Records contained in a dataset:
━━━━━━
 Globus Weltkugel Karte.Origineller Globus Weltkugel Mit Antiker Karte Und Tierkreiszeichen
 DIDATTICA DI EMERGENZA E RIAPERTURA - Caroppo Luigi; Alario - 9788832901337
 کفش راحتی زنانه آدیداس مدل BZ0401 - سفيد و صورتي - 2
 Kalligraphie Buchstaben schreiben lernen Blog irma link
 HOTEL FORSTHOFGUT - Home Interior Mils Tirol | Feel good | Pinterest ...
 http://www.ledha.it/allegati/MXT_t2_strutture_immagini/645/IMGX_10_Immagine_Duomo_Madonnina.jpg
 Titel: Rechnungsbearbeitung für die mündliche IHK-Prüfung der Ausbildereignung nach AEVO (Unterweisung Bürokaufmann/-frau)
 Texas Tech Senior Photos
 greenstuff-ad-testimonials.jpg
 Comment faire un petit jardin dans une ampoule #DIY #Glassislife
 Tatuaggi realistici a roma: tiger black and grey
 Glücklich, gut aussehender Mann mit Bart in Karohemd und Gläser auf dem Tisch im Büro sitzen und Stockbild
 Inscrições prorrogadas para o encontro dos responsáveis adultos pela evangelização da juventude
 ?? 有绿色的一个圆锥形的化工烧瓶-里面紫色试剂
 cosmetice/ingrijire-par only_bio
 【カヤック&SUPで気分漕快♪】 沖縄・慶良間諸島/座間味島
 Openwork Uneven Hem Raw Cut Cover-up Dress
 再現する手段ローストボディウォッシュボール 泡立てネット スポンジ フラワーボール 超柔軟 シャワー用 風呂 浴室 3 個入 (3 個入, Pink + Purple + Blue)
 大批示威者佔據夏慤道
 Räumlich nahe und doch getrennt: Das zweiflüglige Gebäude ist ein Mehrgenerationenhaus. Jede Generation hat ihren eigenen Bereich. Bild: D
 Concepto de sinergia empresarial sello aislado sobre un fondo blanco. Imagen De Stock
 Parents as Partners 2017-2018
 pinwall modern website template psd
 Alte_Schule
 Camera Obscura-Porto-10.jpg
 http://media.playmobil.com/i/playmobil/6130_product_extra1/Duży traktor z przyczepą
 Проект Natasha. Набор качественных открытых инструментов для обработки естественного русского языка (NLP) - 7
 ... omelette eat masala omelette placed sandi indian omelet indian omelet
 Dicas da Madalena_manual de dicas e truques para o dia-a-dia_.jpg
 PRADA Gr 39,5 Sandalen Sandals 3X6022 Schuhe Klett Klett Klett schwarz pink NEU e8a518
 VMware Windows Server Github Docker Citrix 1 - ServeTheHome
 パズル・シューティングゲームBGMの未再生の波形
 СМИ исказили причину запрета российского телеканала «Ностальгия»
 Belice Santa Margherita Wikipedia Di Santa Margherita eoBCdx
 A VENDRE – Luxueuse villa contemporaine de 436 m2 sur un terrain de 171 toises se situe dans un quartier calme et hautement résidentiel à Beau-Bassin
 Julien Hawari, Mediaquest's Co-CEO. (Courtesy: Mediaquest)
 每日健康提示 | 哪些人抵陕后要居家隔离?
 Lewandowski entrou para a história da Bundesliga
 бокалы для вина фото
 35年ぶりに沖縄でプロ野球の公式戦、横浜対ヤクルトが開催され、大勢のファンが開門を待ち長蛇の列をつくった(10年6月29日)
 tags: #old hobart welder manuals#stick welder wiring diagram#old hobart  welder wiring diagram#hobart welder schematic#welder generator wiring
━━━━━━
## What this task involves
Work through the entries above line by line, counting each one that includes the word "dans", and give the final number only.

## Exercise output
2